Mexico: A handwritten message found at the scene threatened authorities and was signed by ‘the four letters’, commonly a reference to the Jalisco Cartel.
Nine bodies were found heaped on a roadside in Mexico's Gulf coast state of Veracruz, authorities said.
The state public safety department called the killings “a reaction to the results of work being done to fight crime.”
Veracruz Gov. Cuitláhuac Garcia said a total of nine bodies were found at the scene on Friday and suggested the crime involved gangs.
“We are not going to allow any acts of revenge between criminal groups,” Garcia said.
He also said past Veracruz administrations had agreements with the drug gangs that operate in the state.
“We are going to take resounding action against all the criminal groups that before had agreements with past state administrations,” Garcia said, adding that gangs “are a little angry” that such agreements no longer exist.
Local media reported a handwritten message found at the scene threatened authorities and was signed by “the four letters,” commonly a reference to the Jalisco Cartel.
There are four letters in the initials of the cartel's formal name, Jalisco New Generation Cartel.
The bodies were found in the township of Isla, near the crime-plagued port of Coatzacoalcos.
The grisly discovery came one day after assailants left the bodies of eight men and two women in front of the governor's office in the north-central Mexican state of Zacatecas.
The bodies were found crammed into a pickup truck left before dawn on Thursday near a Christmas tree in the main plaza of the state capital, also named Zacatecas.

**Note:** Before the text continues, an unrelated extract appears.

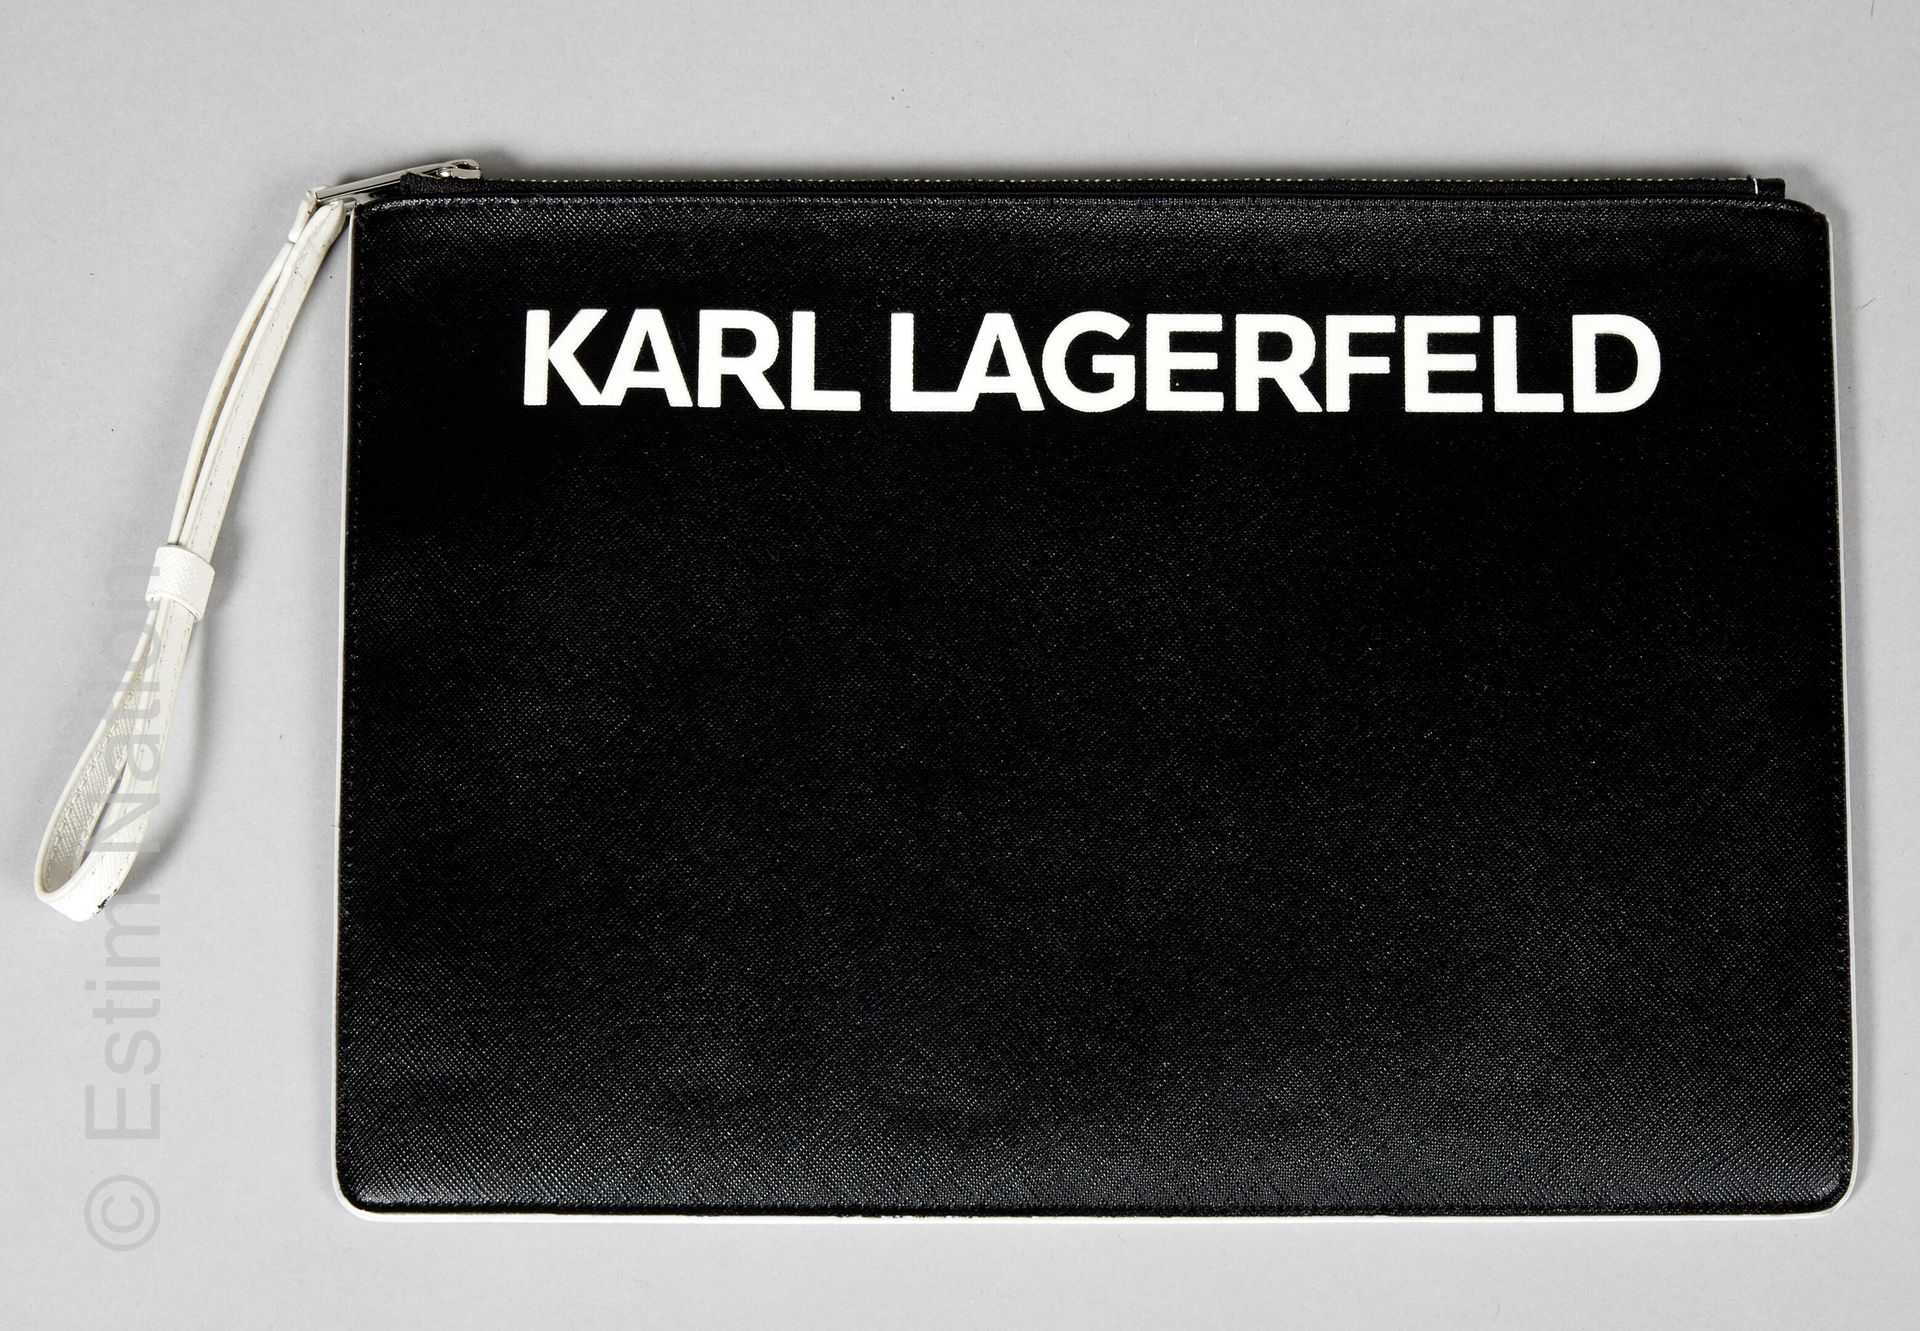 Karl LAGERFELD Zipped POCKET in black imitation leather with logo (21 x 29 cm)

Francisco Murillo, the Zacatecas chief prosecutor, said seven of the 10 bodies had been autopsied and all died of “asphyxiation by strangulation.”
Six had injuries suggesting they had their feet and hands bound. One showed possible signs of torture.
President Andrés Manuel López Obrador has been unable to significantly reduce homicides in Mexico. There were 31,615 killings in the first 11 months of 2021, a decline of just 3.6 per cent from the 32,814 in 2020.